The terms "win" and "draw" refer to the game as ordinarily played, i.e., the first player to complete a line wins. The term "Weak Win" refers to the corresponding Maker-Breaker game, where the first player ("Maker") wins if he completes a line, regardless of whether the second player has previously completed a line; in other words, the second player ("Breaker") can only defend by blocking the first player, he cannot "counterattack" by threatening to make his own line. (Note that ordinary $3\times3$ tic-tac-toe is a Weak Win.) A game is a "Strong Draw" if it is not a Weak Win, i.e., if the second player ("Breaker") can prevent the first player from completing a line.
Theorem 3.1 Ordinary $3^2$ Tic-Tac-Toe is a draw but not a Strong Draw.
Theorem 3.2 The $4^2$ game is a Strong Draw, but not a Pairing Strategy Draw (because the second player cannot force a draw by a single pairing strategy.)
Theorem 3.3 The $n\times n$ Tic-Tac-Toe is a Pairing Strategy Draw for every $n\ge5.$
For a discussion of Oren Patashnik's computer-assisted result that $4^3$ tic-tac-toe is a first player win, Beck refers to Patashnik's paper:
Oren Patashnik, Qubic: $4\times4\times4$ Tic-Tac-Toe, Mathematics Magazine 53 (1980), 202-216.
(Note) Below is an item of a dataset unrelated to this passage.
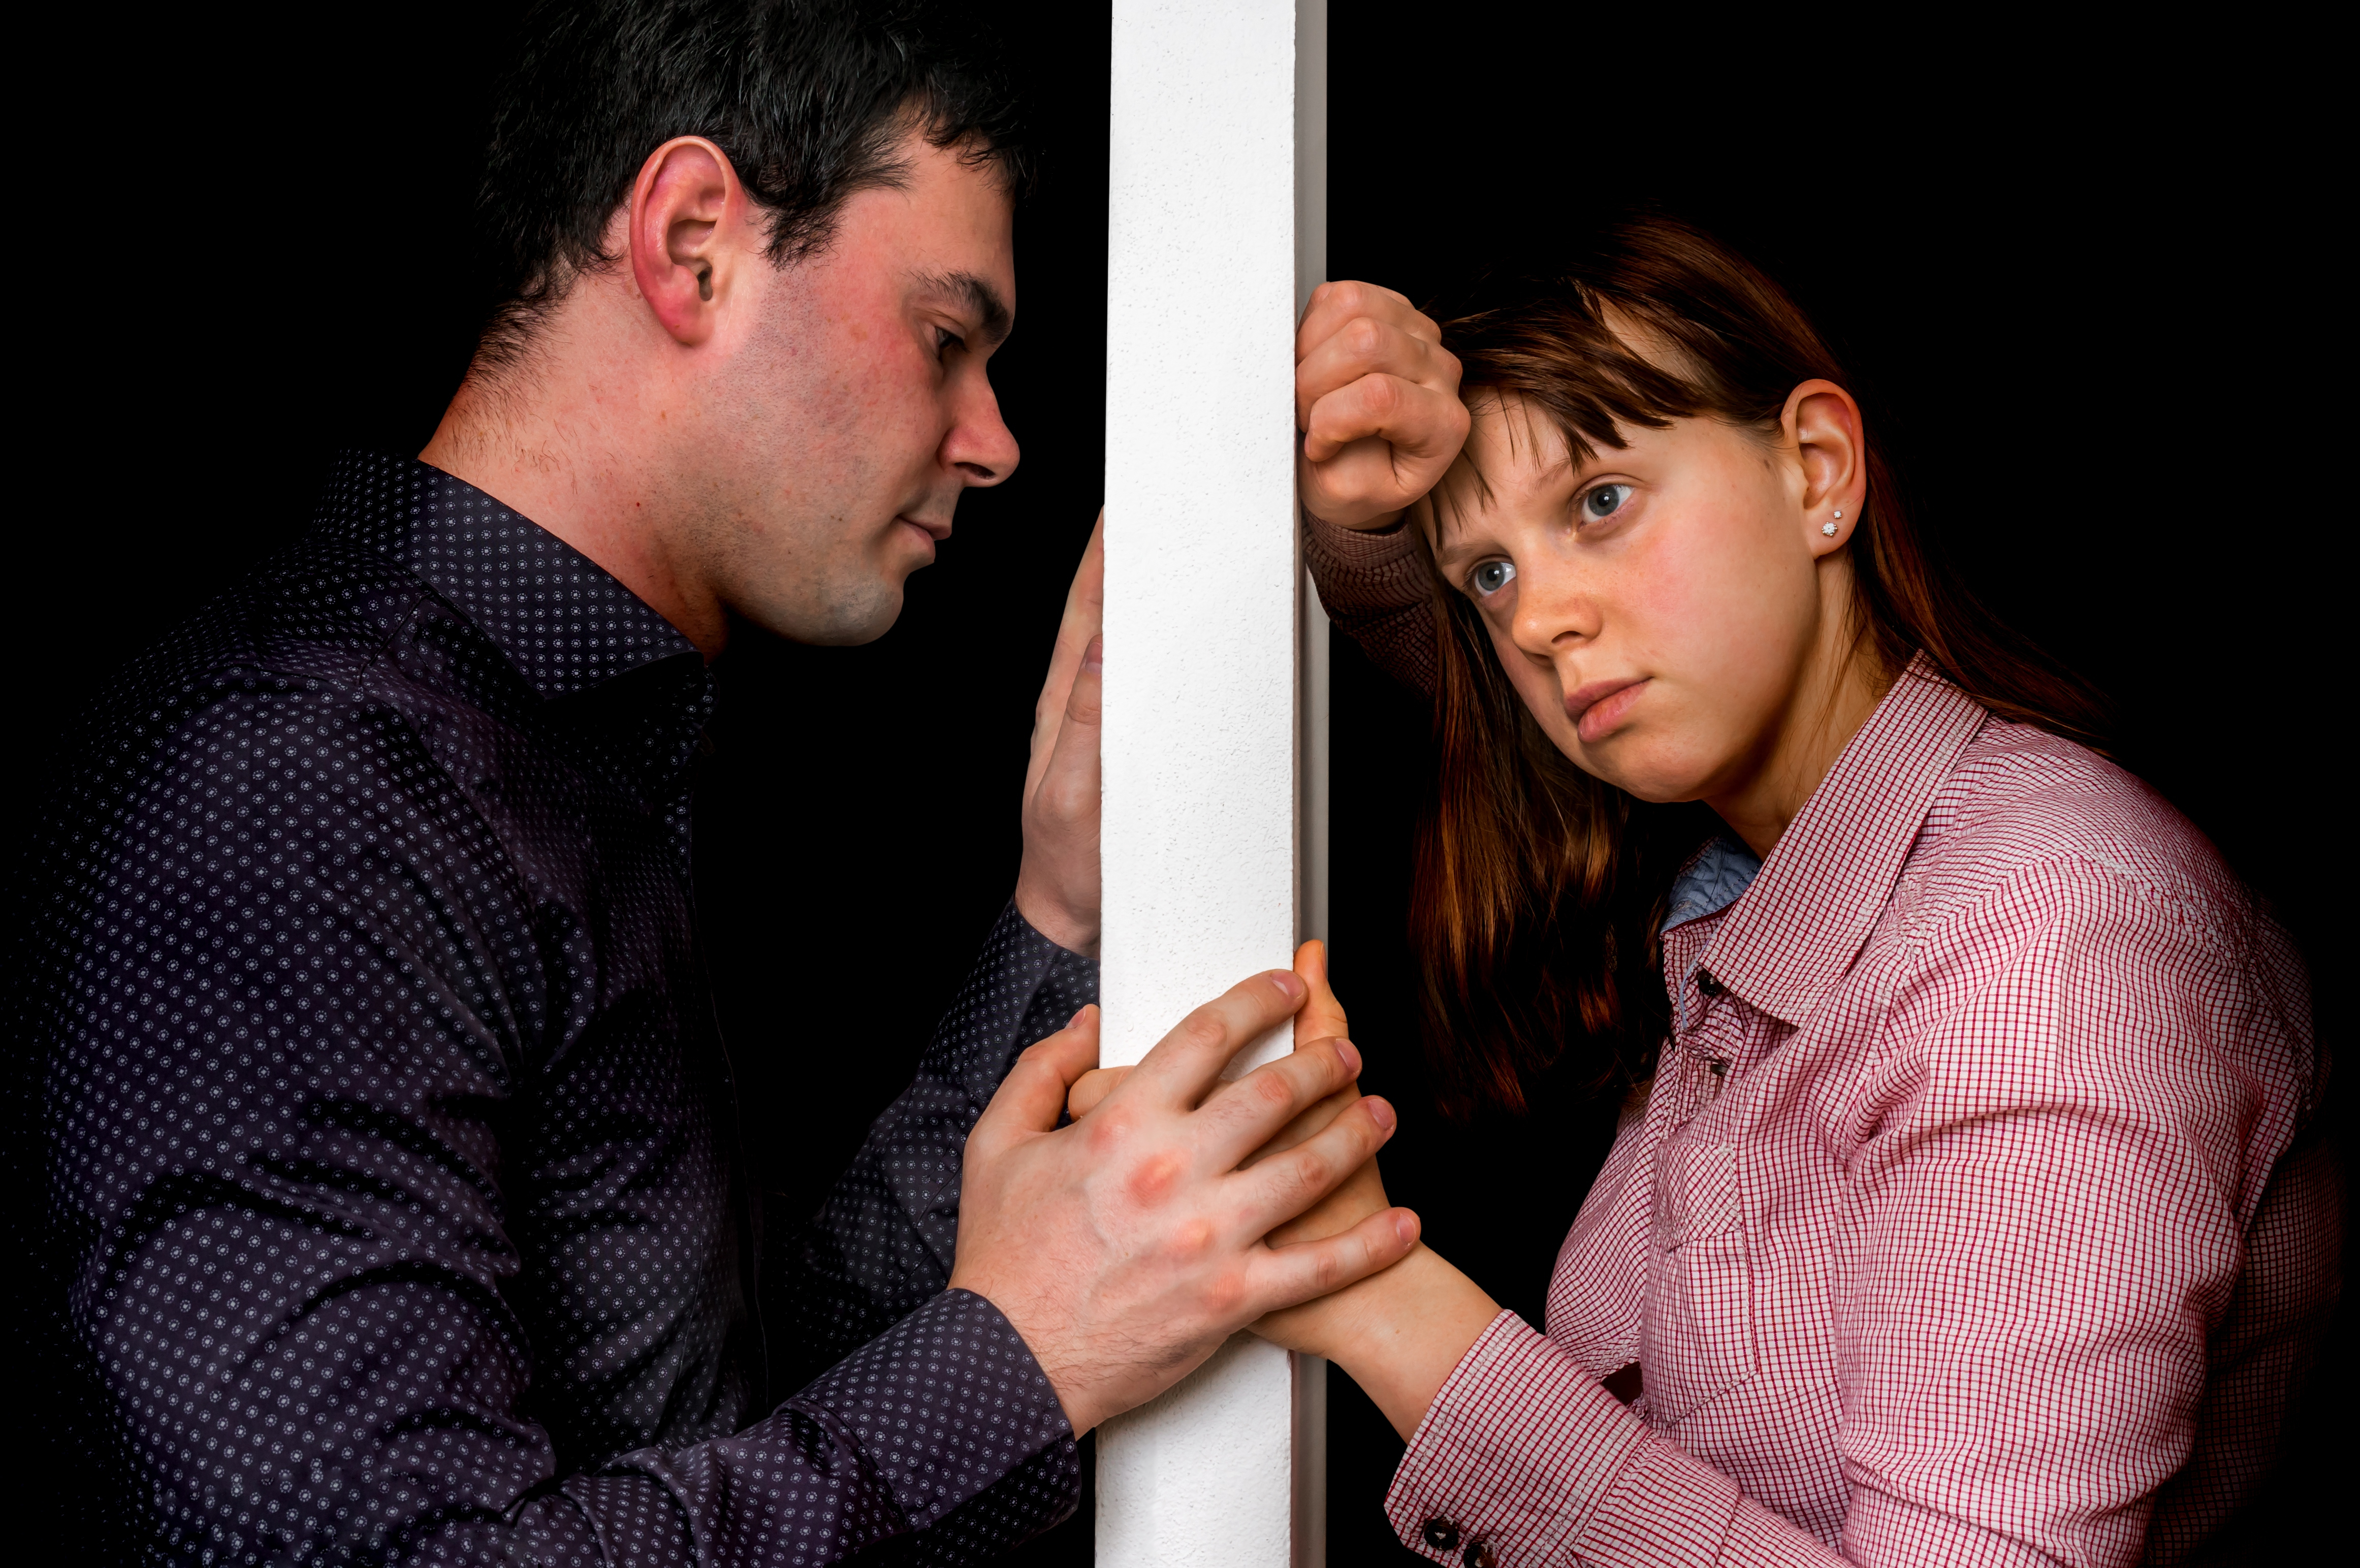 Matrimonio Catolico Infidelidad : Se debe perdonar la infidelidad en el matrimonio prensa

Not much more is known about multidimensional tic-tac-toe, as can be seen from the open problems:
Open Problem 3.2 Is it true that $5^3$ Tic-Tac-Toe is a draw game? Is it true that $5^4$ Tic-Tac-Toe is a first player win?
The conjecture that "if there is a winning strategy on $a^d$, there is one also on $a^{d'}$ for any $d'\geq d$" is given as an open problem:
Open Problem 5.2 Is it true that, if the $n^d$ Tic-Tac-Toe is a first player win, then the $n^D$ game, where $D\gt d$, is also a win?
Open Problem 5.3. Is it true that, if the $n^d$ game is a draw, then the $(n+1)^d$ game is also a draw?
To see that the intuition "adding more ways to win can't turn a winnable game into a draw game" is wrong, consider the following example of a tic-tac-toe-like game, attributed to Sujith Vijay: The board is the set $V=\{1,2,3,4,5,6,7,8,9\};\ $ the winning sets are $\{1,2,3\},$ $\{1,2,4\},$ $\{1,2,5\},$ $\{1,3,4\},$ $\{1,5,6\},$ $\{3,5,7\},$ $\{2,4,8\},$ $\{2,6,9\}$. As in tic-tac-toe, the two players take turns choosing (previously unchosen) elements of $V;$ the game is won by the first player to succeed in choosing all the elements of a winning set. It can be verified that this is a draw game, but the restriction to the board $\{1,2,3,4,5,6,7\}$ (with winning sets $\{1,2,3\},$ $\{1,2,4\},$ $\{1,2,5\},$ $\{1,3,4\},$ $\{1,5,6\},$ $\{3,5,7\}$) is a first-player win.
Best Answer
(m,n,k)-game: get $k$ in a row on a $m\times n$ board. There is a wiki page that talks about this exact problem: https://en.wikipedia.org/wiki/M,n,k-game
"Computer search by L. Victor Allis has shown that (15,15,5) is a win"
"$k \geq 8$ is a draw on an infinite board... It is not known if the second player can force a draw when k is 6 or 7 on an infinite board."
So we know that for $k\leq 5$ is a win for the first player, for $k\geq 8$ is a draw, and for $k = 6,7$ we don't know.